> _Task description_
Please make an exact copy of the listing, without the pictures.

> _Data block_
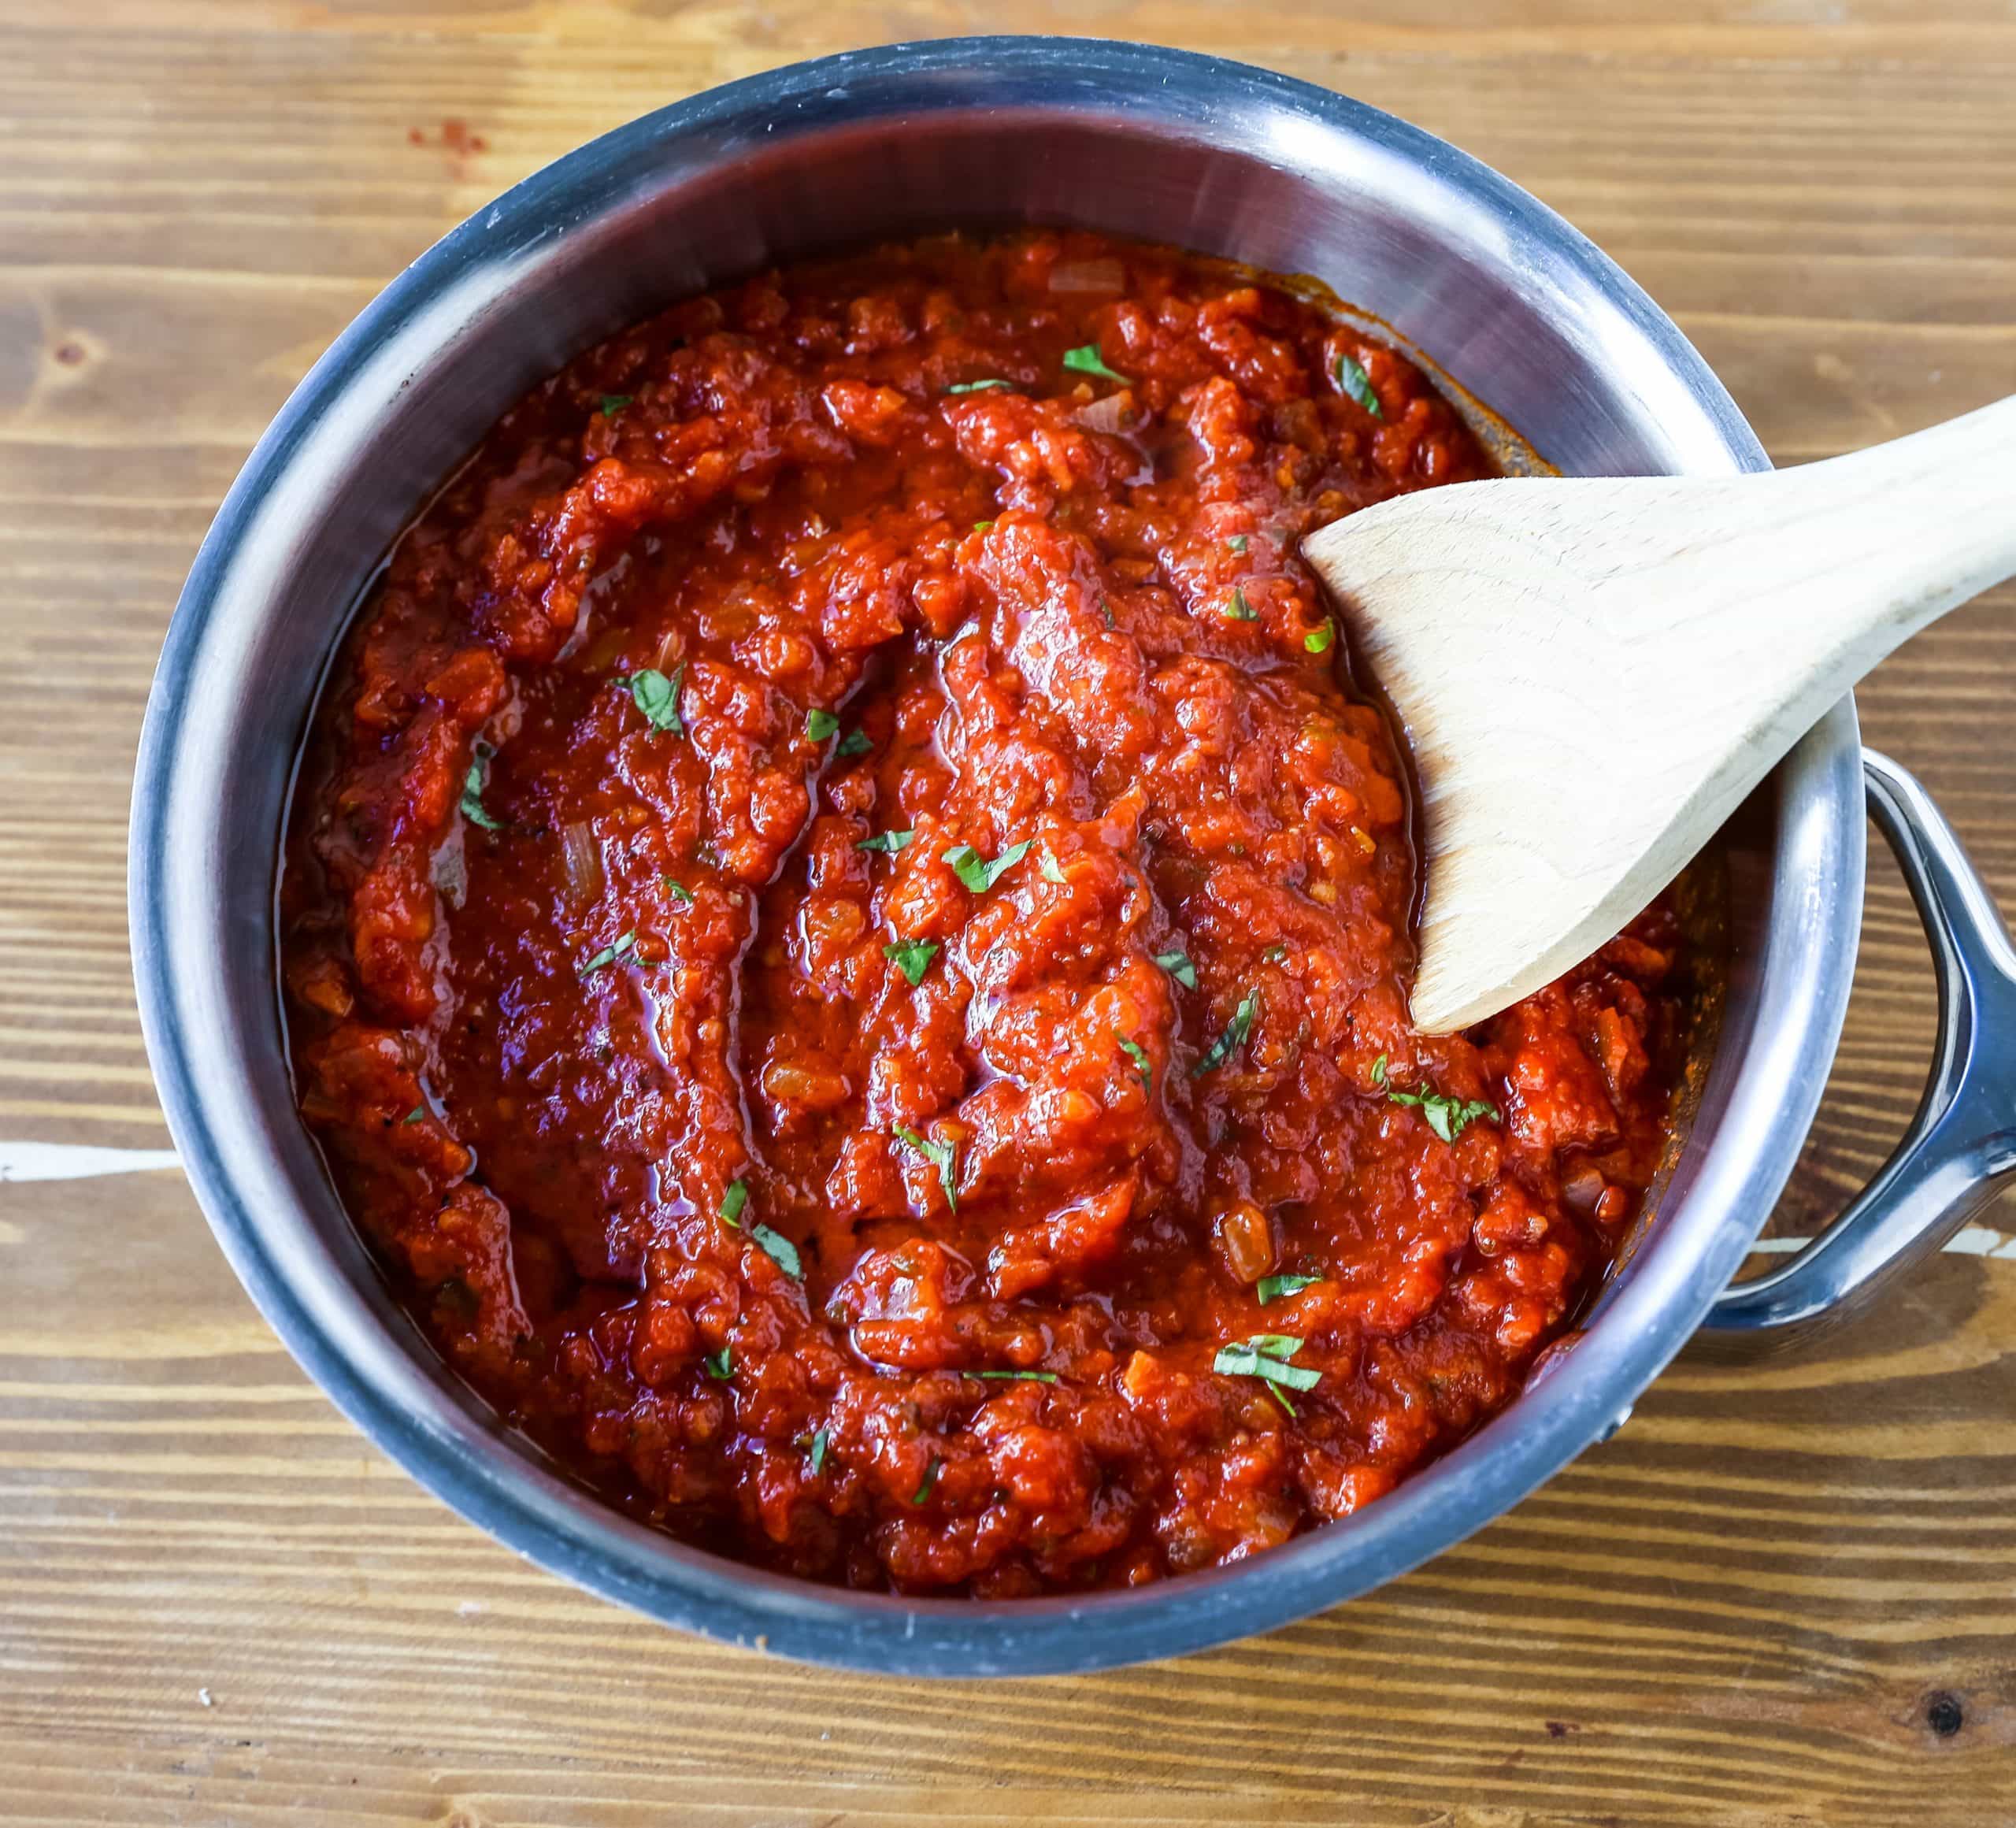 Classic Italian Tomato Sauce A robust tomato sauce made with olive oil, onion, sweet carrot, garlic, canned San Marzano tomatoes, fresh basil, tomato paste, oregano, and red pepper flakes. A flavorful, homemade tomato sauce to pair perfectly with any type of pasta. www.modernhoney.com #tomatosauce #marinara #marinarasauce #italian #italianfood
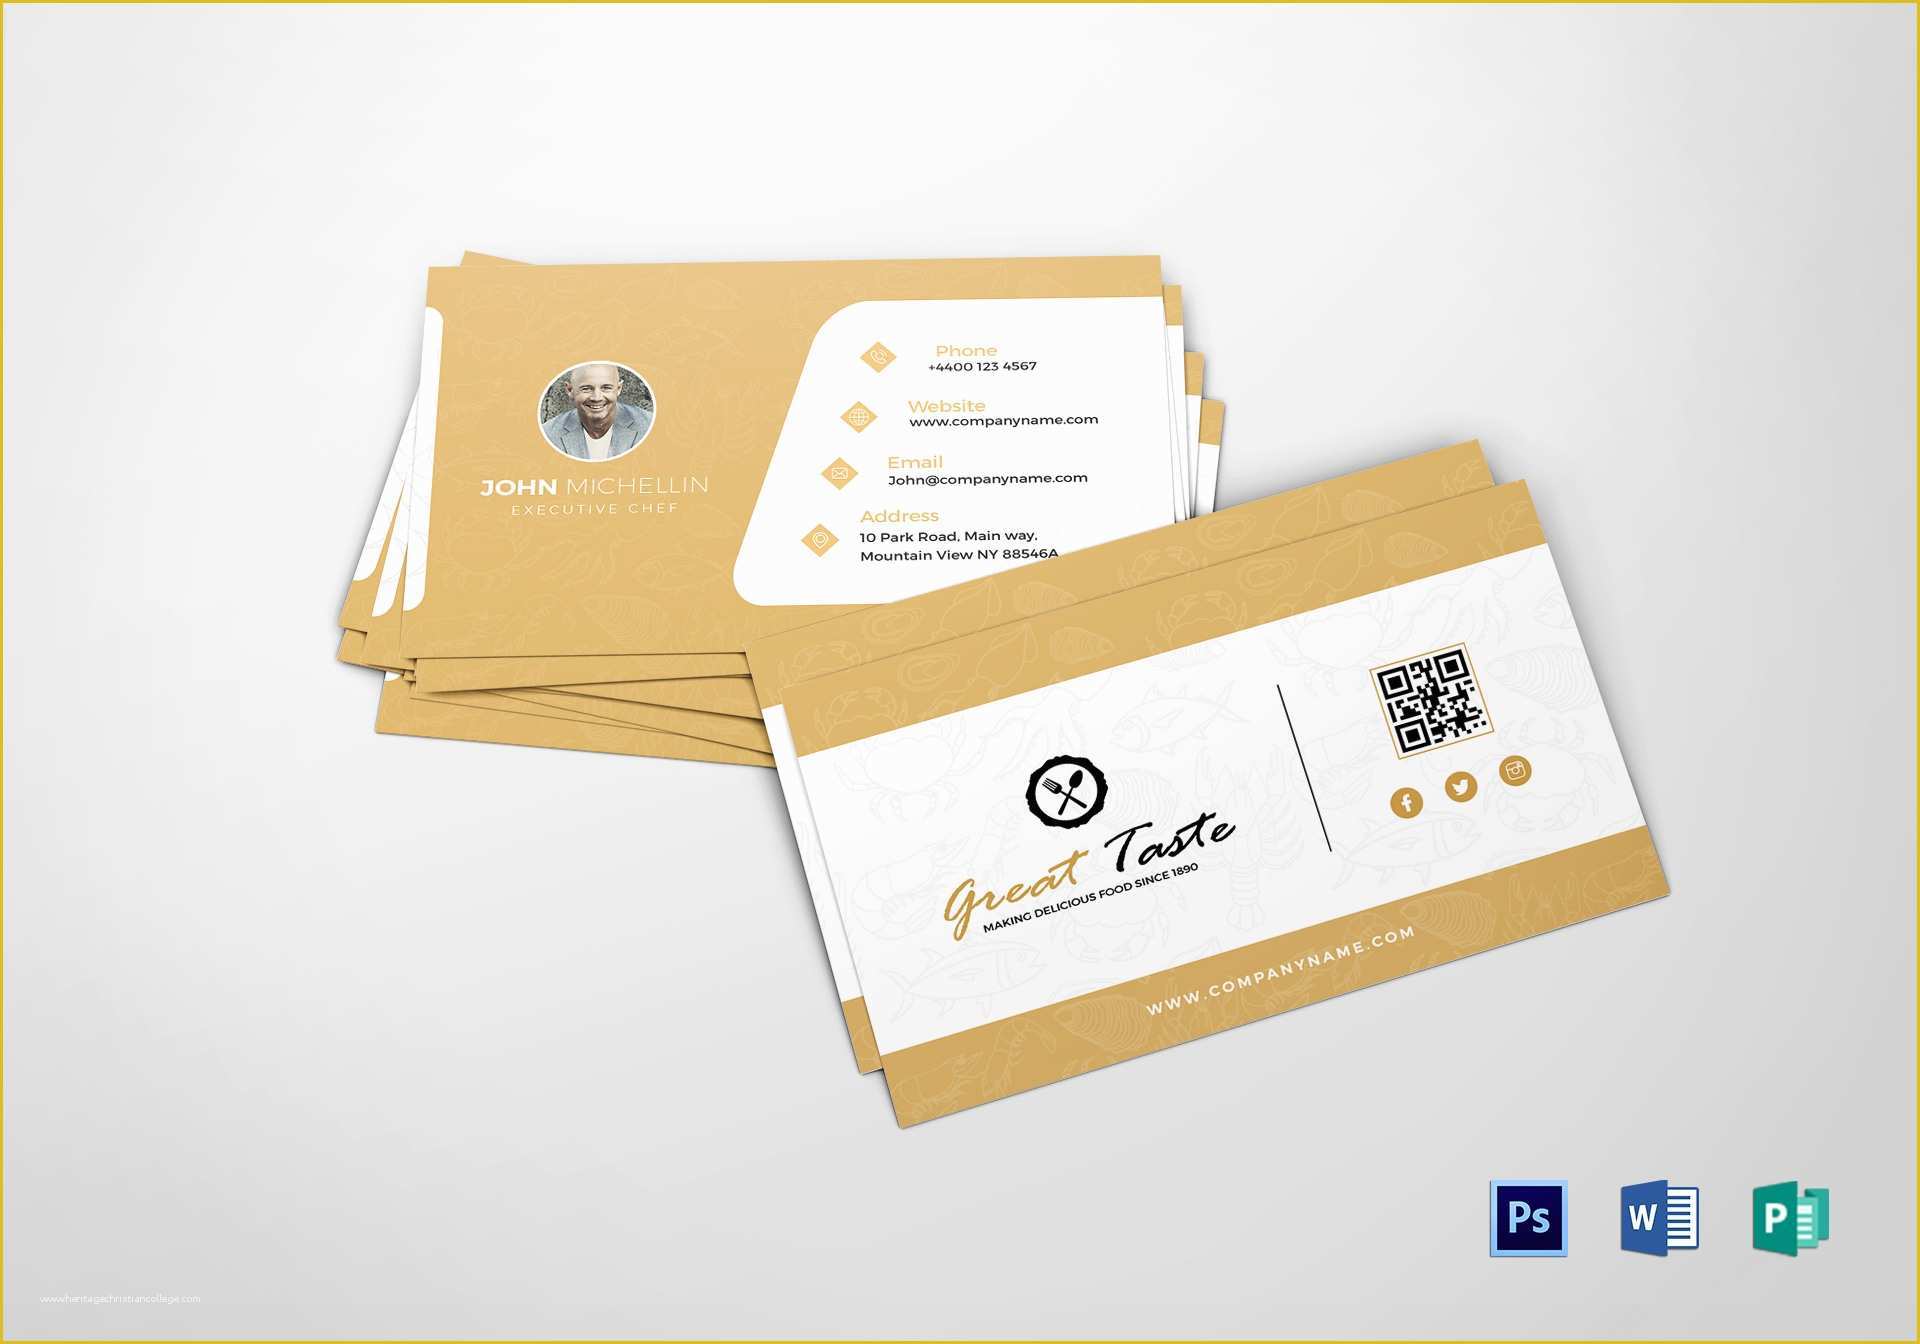 Restaurant Business Cards Templates Free Of Restaurant Chef Business Card Design Template In Psd Word
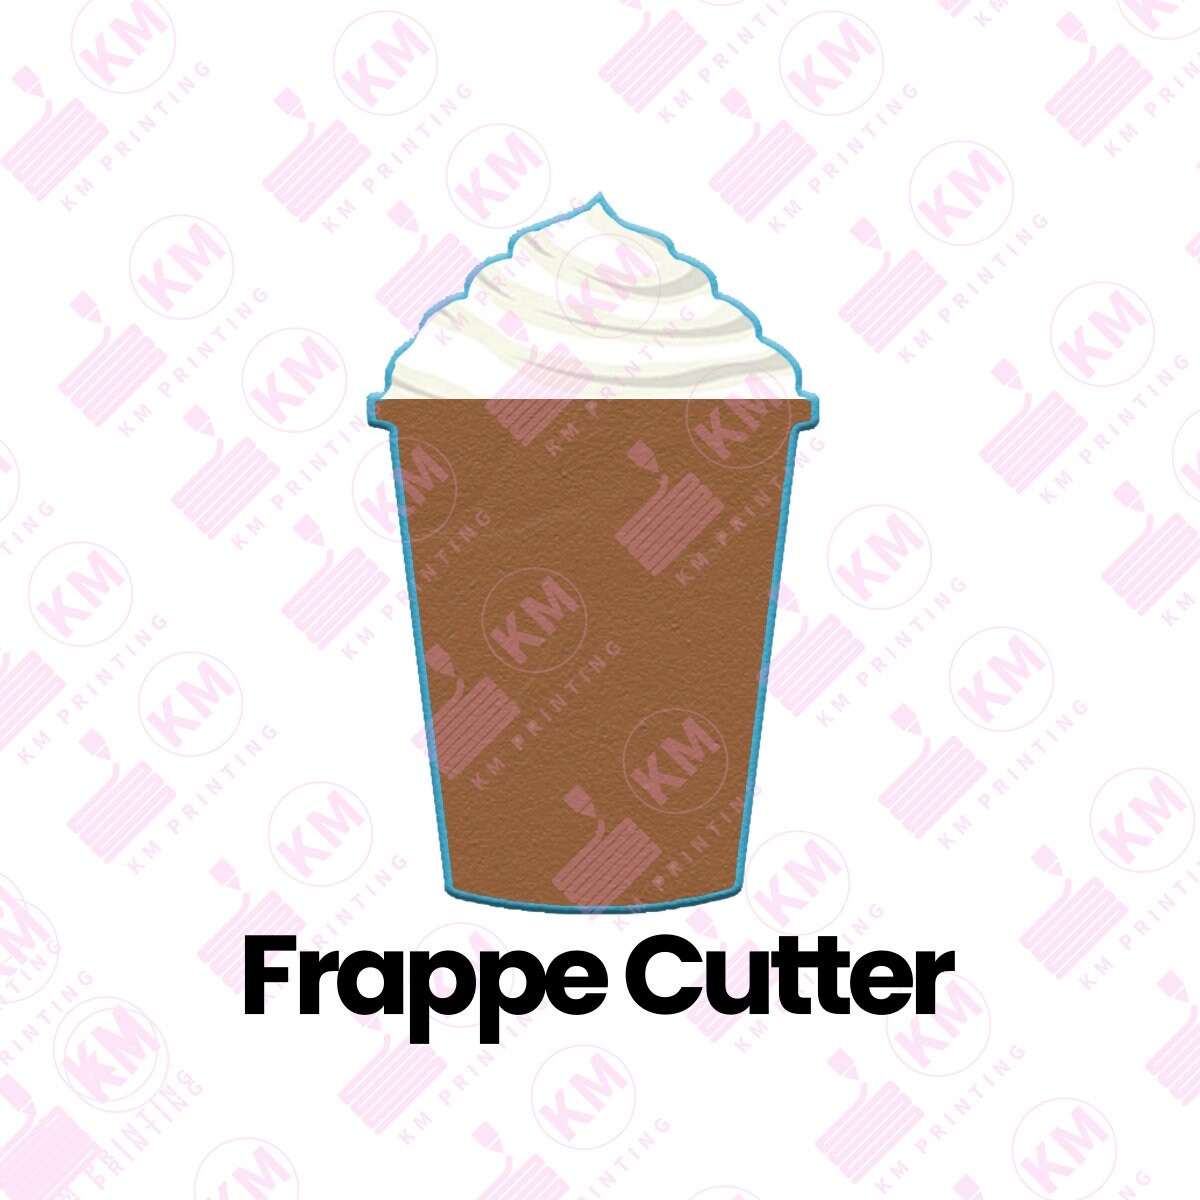 Frappe with Whipped Cream Fondant Cookie Cutter

> _Exercise output_
 Classic Italian Tomato Sauce A robust tomato sauce made with olive oil, onion, sweet carrot, garlic, canned San Marzano tomatoes, fresh basil, tomato paste, oregano, and red pepper flakes. A flavorful, homemade tomato sauce to pair perfectly with any type of pasta. www.modernhoney.com #tomatosauce #marinara #marinarasauce #italian #italianfood
 Restaurant Business Cards Templates Free Of Restaurant Chef Business Card Design Template In Psd Word
 Frappe with Whipped Cream Fondant Cookie Cutter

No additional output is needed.